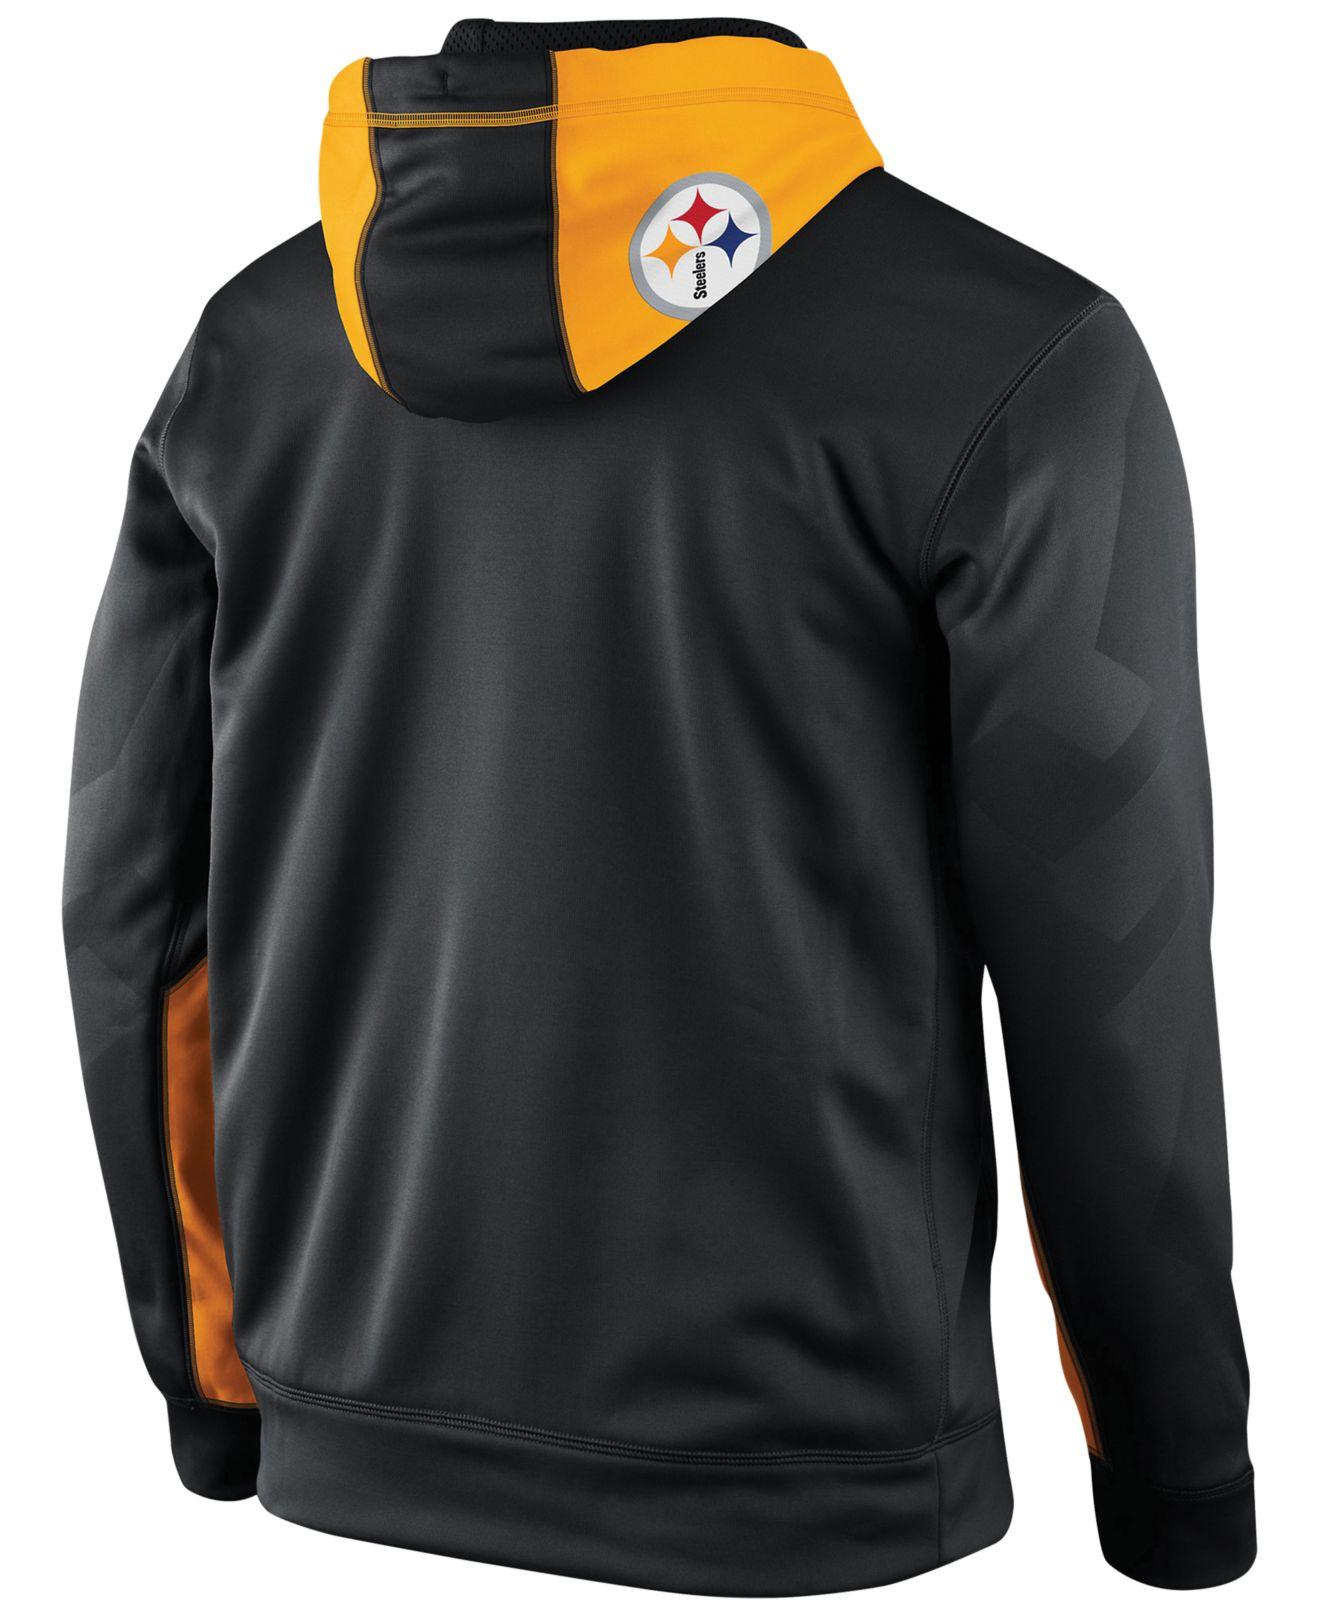 69e120168 Lyst - Nike Men S Pittsburgh Steelers Football Ko Full-Zip Therma ...
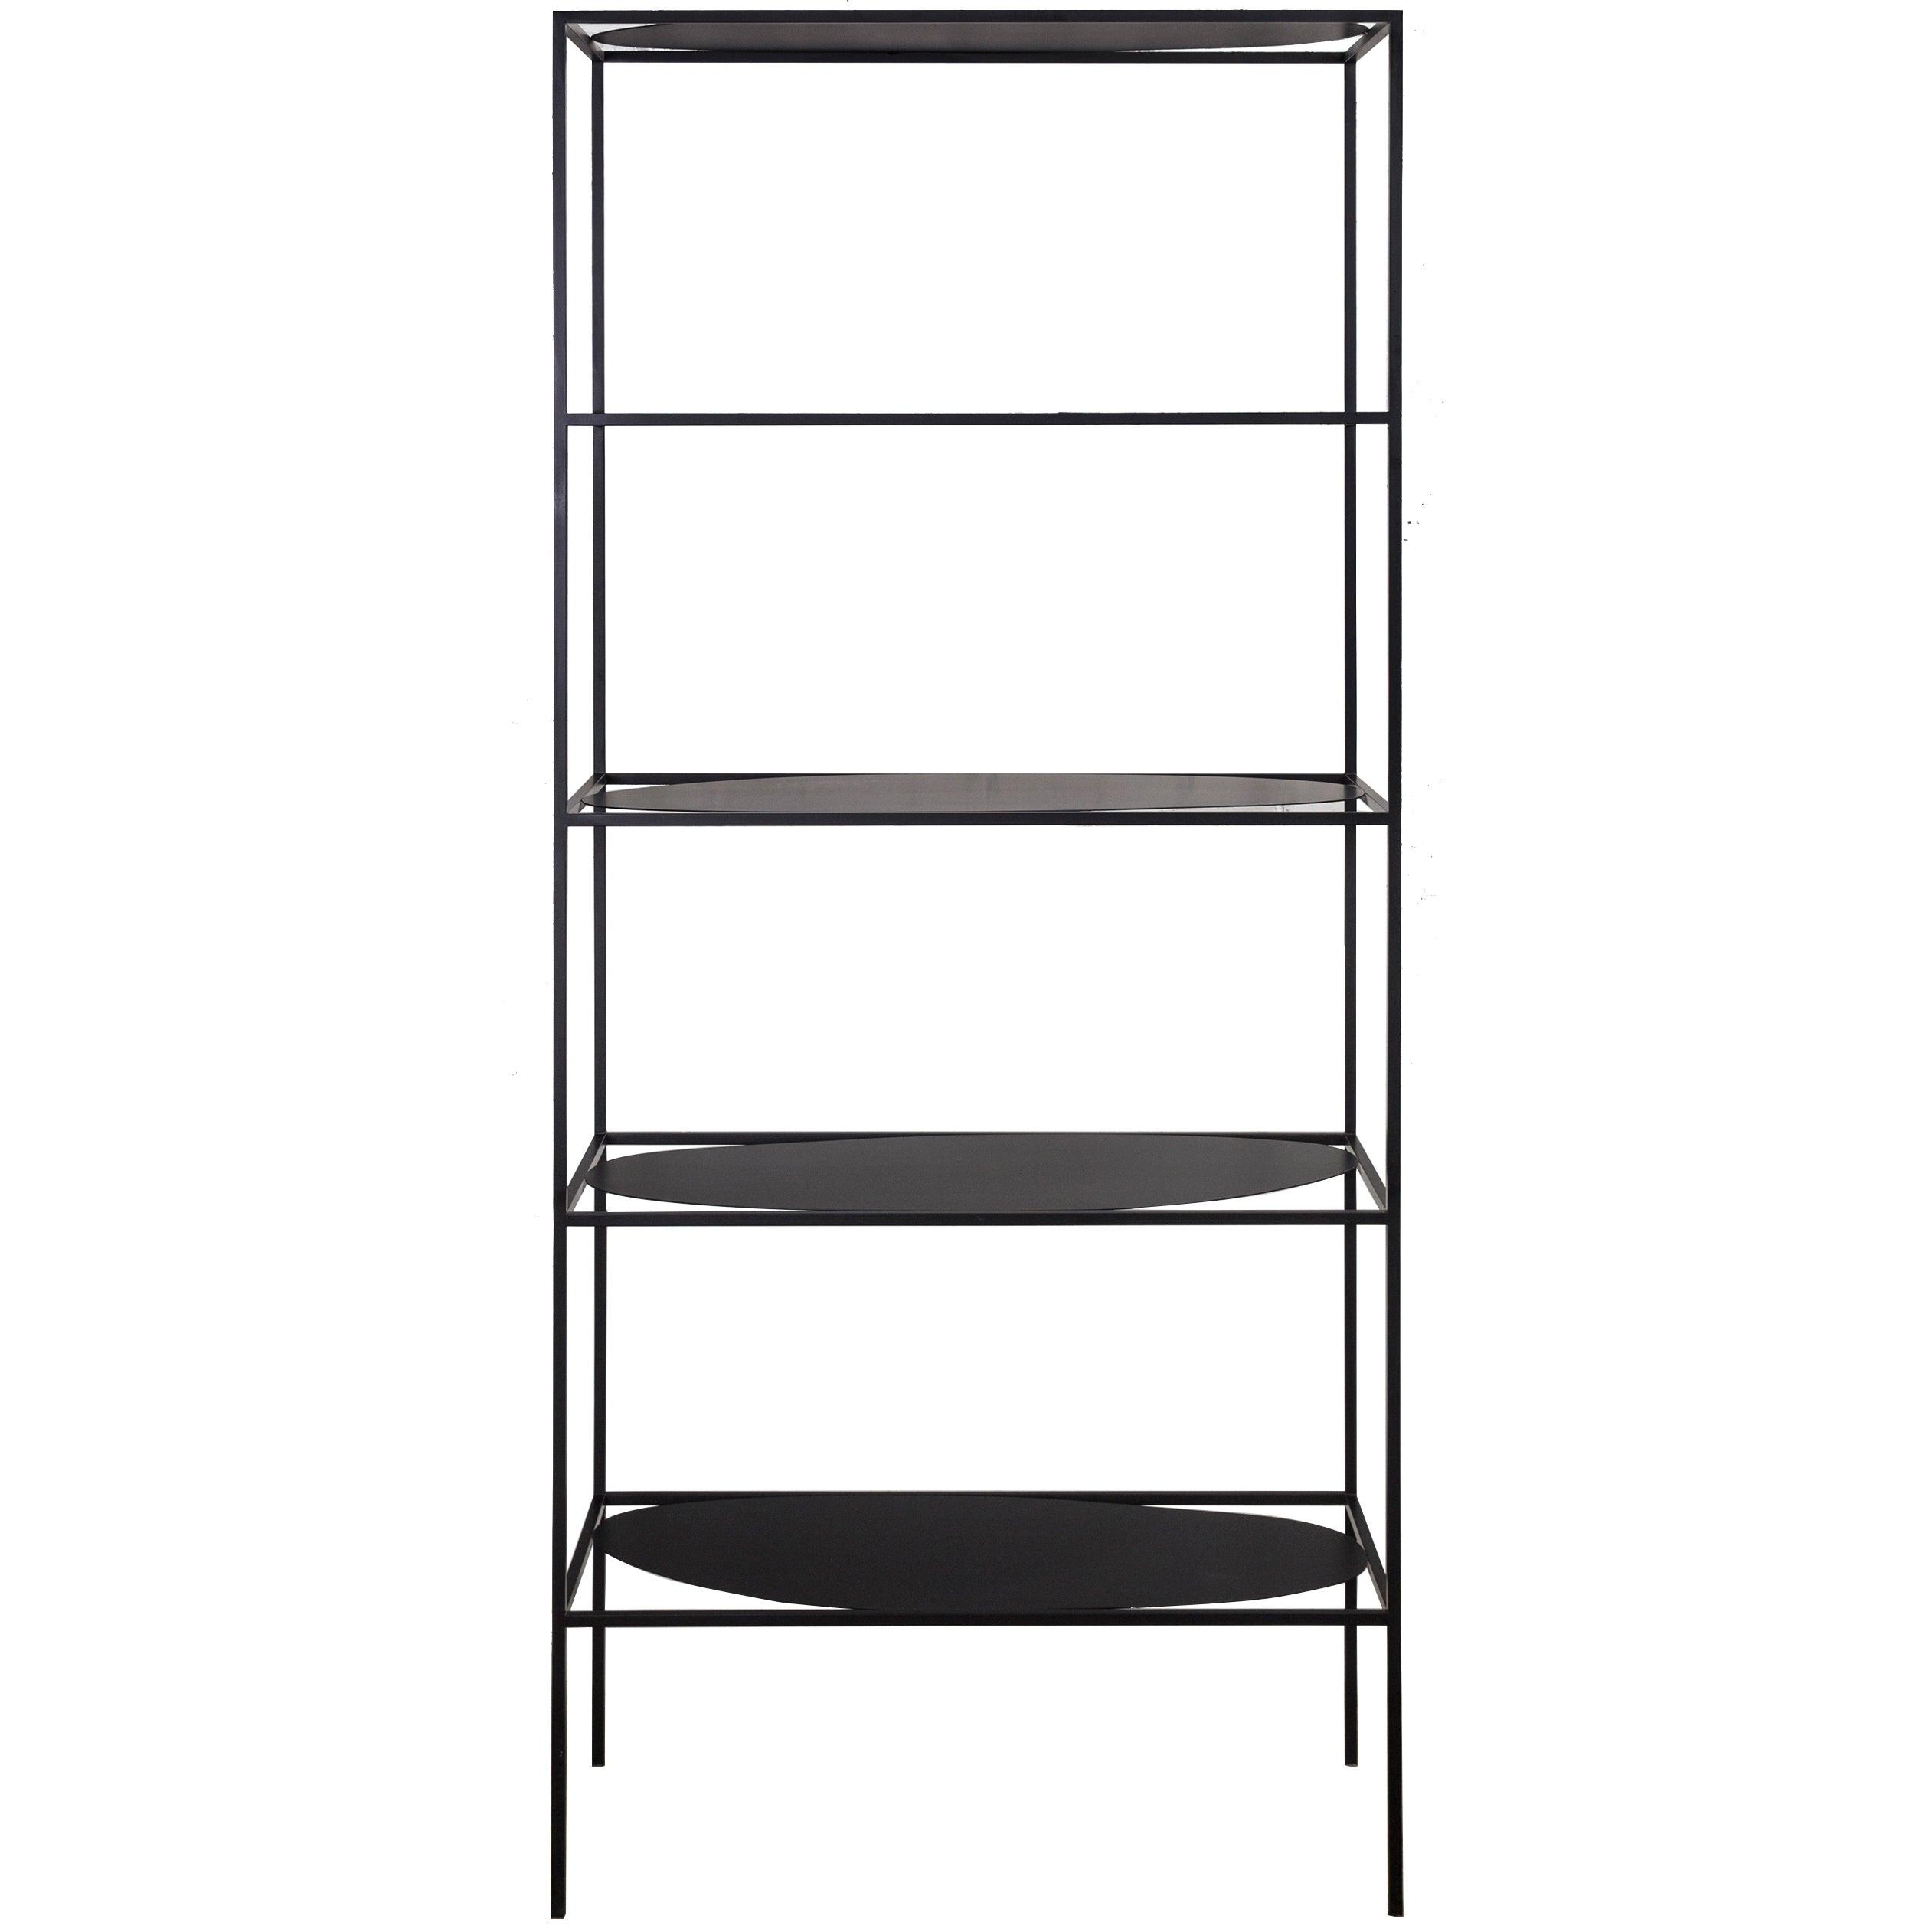 Contemporary Sculptural Black Steel Etagere Bookcase Storage Shelf USA
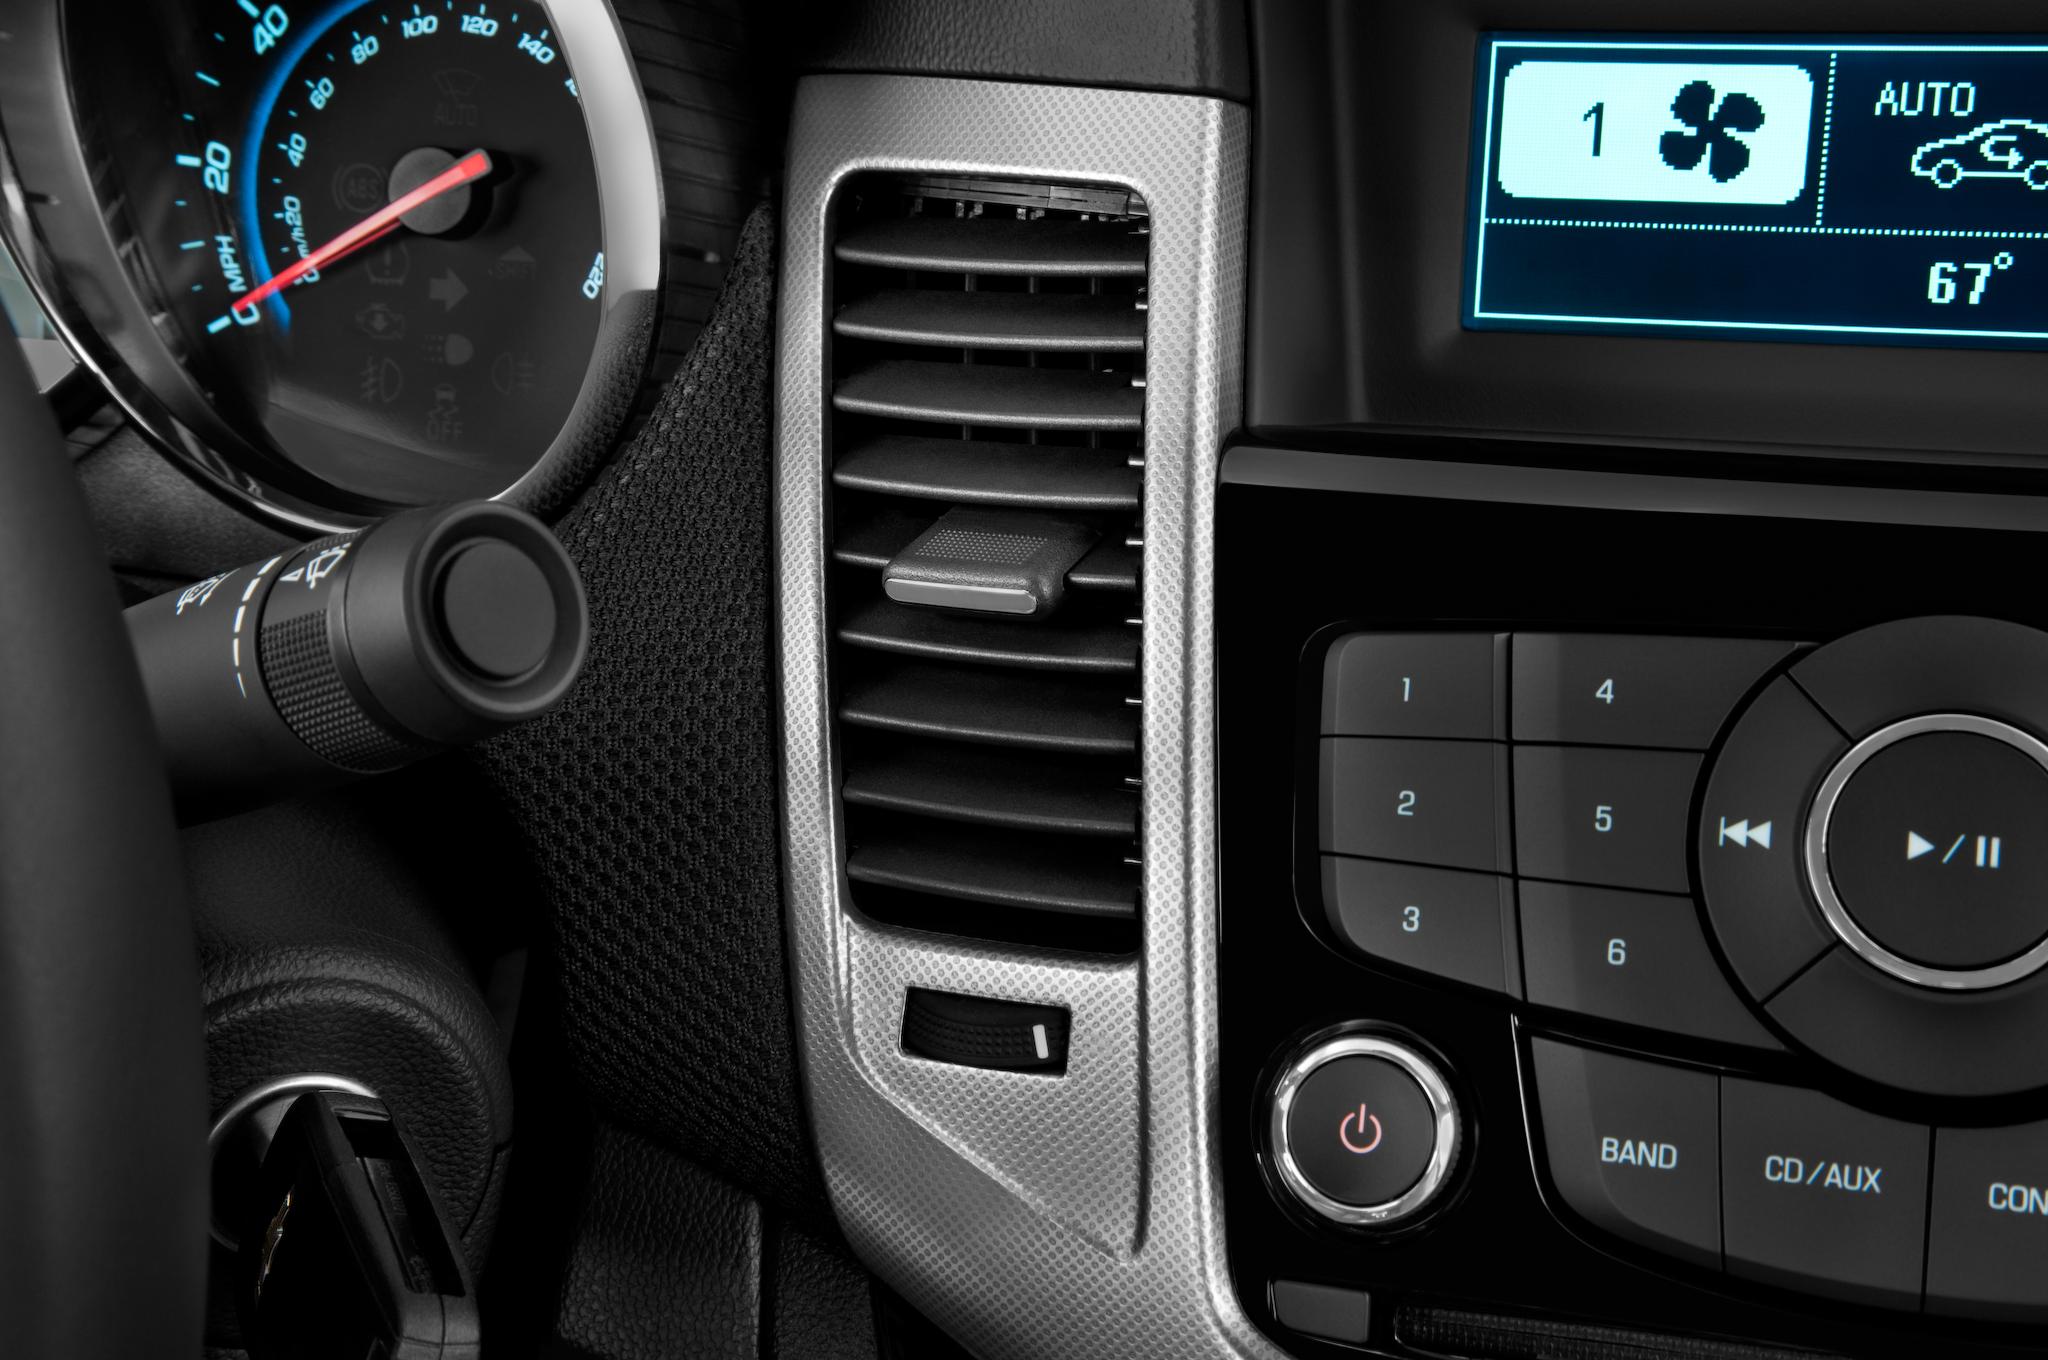 2012 Chevrolet Cruze 2LT - Editors' Notebook - Automobile
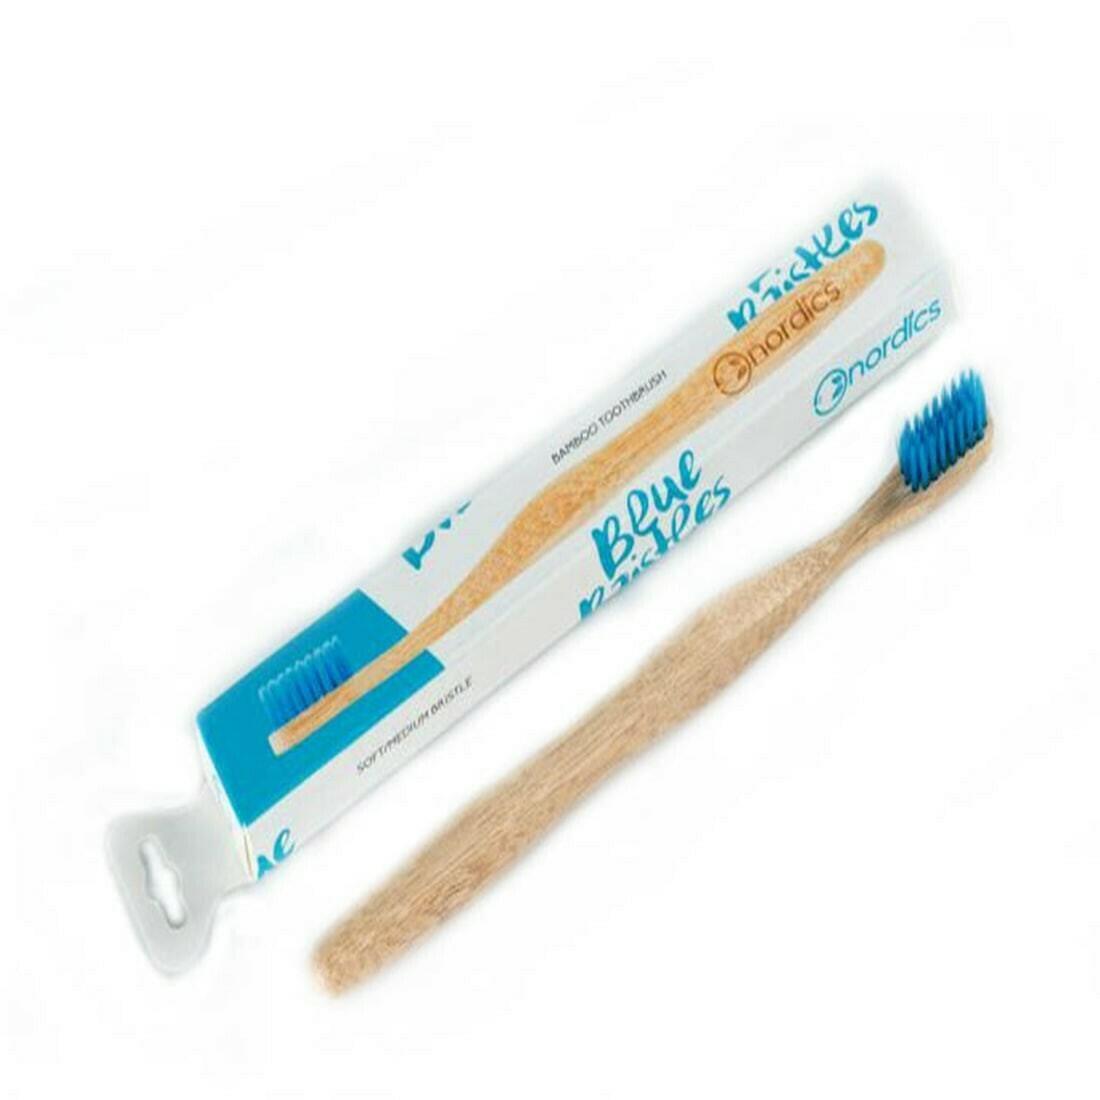 Nordics Bamboo Οδοντόβουρτσα Μπλέ

- [YOUR GOAL]:
When you reach an image, pass over it, and retype all other material exactly.

- [ANSWER TO THIS TASK]:
 69e120168 Lyst - Nike Men S Pittsburgh Steelers Football Ko Full-Zip Therma ...
 Contemporary Sculptural Black Steel Etagere Bookcase Storage Shelf USA
 2012 Chevrolet Cruze 2LT - Editors' Notebook - Automobile
 Nordics Bamboo Οδοντόβουρτσα Μπλέ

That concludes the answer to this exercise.